Resolution: Closed 2005-12-09.

73 Representative Glyphs for Arabic Characters U+06DF, U+06E0, and U+06E1 2005.08.09

The representative glyphs for several Arabic characters used to annotate the Koran have been reported as being possibly incorrect. The UTC has tentatively decided to revise them as explained in the accompanying document. The UTC invites anyone knowledgeable in their use to provide additional information or recommendations.

Resolution: Closed 2005-08-17. UTC will change the representative glyphs for 3 characters (U+06DF, U+06E0, and U+06E1), but not for U+06E9. UTC intends to document glyphic variations of U+06E9 in a future version of the standard.

72 Stability of the Bidi Mirrored Property 2005.08.09

In a bidirectional context, the images of many characters need to be oriented depending on the writing direction of the text in which they occur. The Bidi Mirrored property defines this behavior, but the model it implements has a few inconsistencies. Ideally, these would be corrected, but doing so will destabilize all documents containing the affected characters. A stability policy would freeze future changes, but should one last round of improvements be carried out? Your input on the range of possible actions is solicited, whether you are a language expert, user. or implementer.

Resolution: Closed 2005-08-17. UTC chose option B of the background document and will issue a Proposed Update UAX #9 to clarify section 6, and a new Public Review Issue will be posted on the specific content of the Bidi Mirroring property.

71 Questions on Malayalam Digits 2005.08.09

It has come to the attention of the UTC that the glyph printed in the standard for U+0D66 MALAYALAM DIGIT ZERO is incorrect, and information is being sought. Three numeric signs have been identified for future encoding, and further information is being sought. Details on these questions are in the accompanying document.

Resolution: Closed 2005-08-17. UTC accepted the glyph change for U+0D66, and also accepted the Malayalam numeric signs for 1/4, 1/2, and 3/4 as well as 10, 100, 1000 for encoding in a future version of the standard. (Details of the encoding status and progress may be followed on the Pipeline page.)

70 Proposed Draft UTS #37, Registration of Ideographic Variation Sequences 2005.08.09

The UTC approved the development of a Unicode Technical Standard establishing a registry of variation sequences for Ideographic characters. The UTC recognizes that the needs of various user communities for such variation sequences cannot be accommodated by a single, unified collection of sequences. The purpose of the registry is to ensure that multiple collections can coexist without compromising the interchangeability of texts using them.

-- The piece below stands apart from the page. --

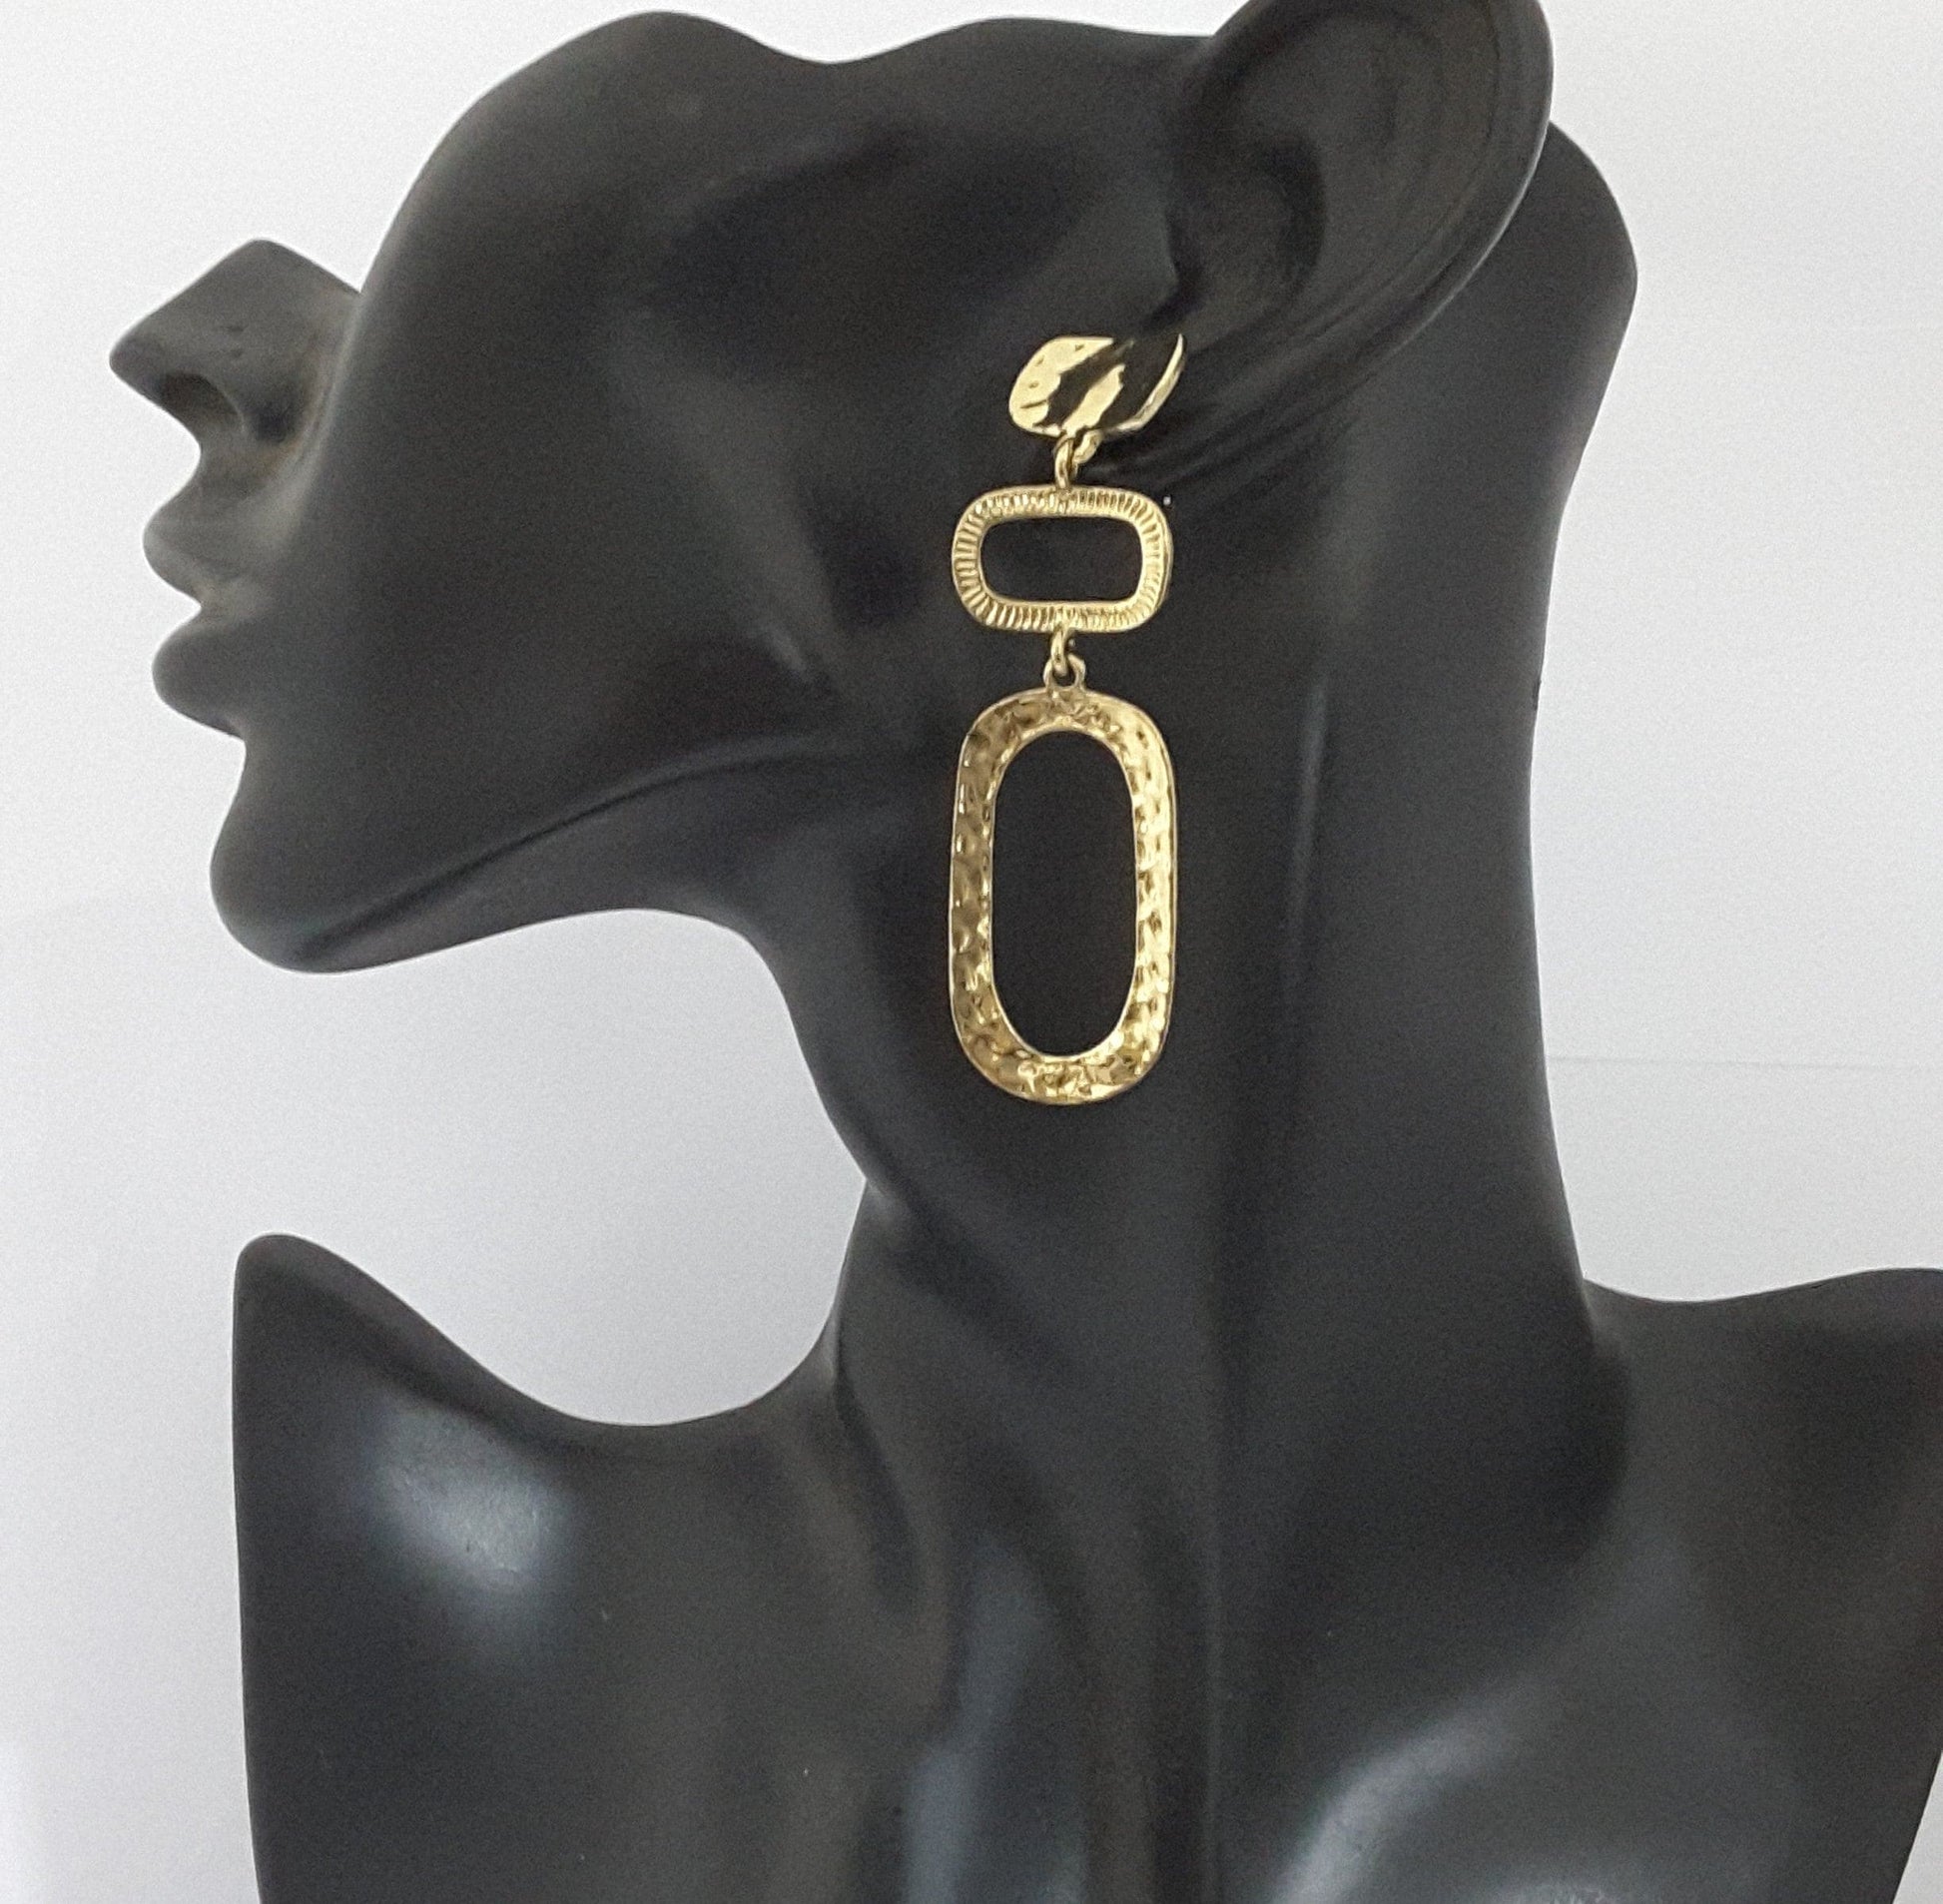 Moonstruck Textured Gold/Golden Dangle Earrings for Women - www.MoonstruckINC.com

This proposed draft Unicode Technical Standard describes the operation of the registry.

Resolution: Closed 2005-08-17. Proposed Draft UTS #37 will be advanced to Draft, and a new PRI will be posted when it is available.

69 Proposed Update UAX #24, Script Names 2005.08.09

This is an initial update for Unicode 5.0.0 which proposes the addition of an appendix of iconic script indicators, derivative from the usage of last resort font missing glyph forms. Additional updates will be needed to reflect the planned additions of scripts to 5.0.0. Those will be in a subsequent draft.

Resolution: Closed 2005-08-17. The appendix with a list of iconic indicators will be removed from the UAX.

68 Proposed Update UTS #10 Unicode Collation Algorithm 2005.04.26

The Unicode Technical Committee has released a beta version of UTS #10 Unicode Collation Algorithm (UCA) Version 4.1.0. It is available for public review until April 26. This is a running beta; the data files may be updated during the course of the beta. This beta provides a data table that is synchronized with the repertoire of Unicode 4.1.0. In addition, it includes:

a revised handling of Thai/Lao via contractions

enhancements to sorting and matching, with a new conformance clause

changes to the handling of ignorable characters

guidelines on the use of grapheme joiner

new introductory text on user expectations

changes in weights for a small number of characters.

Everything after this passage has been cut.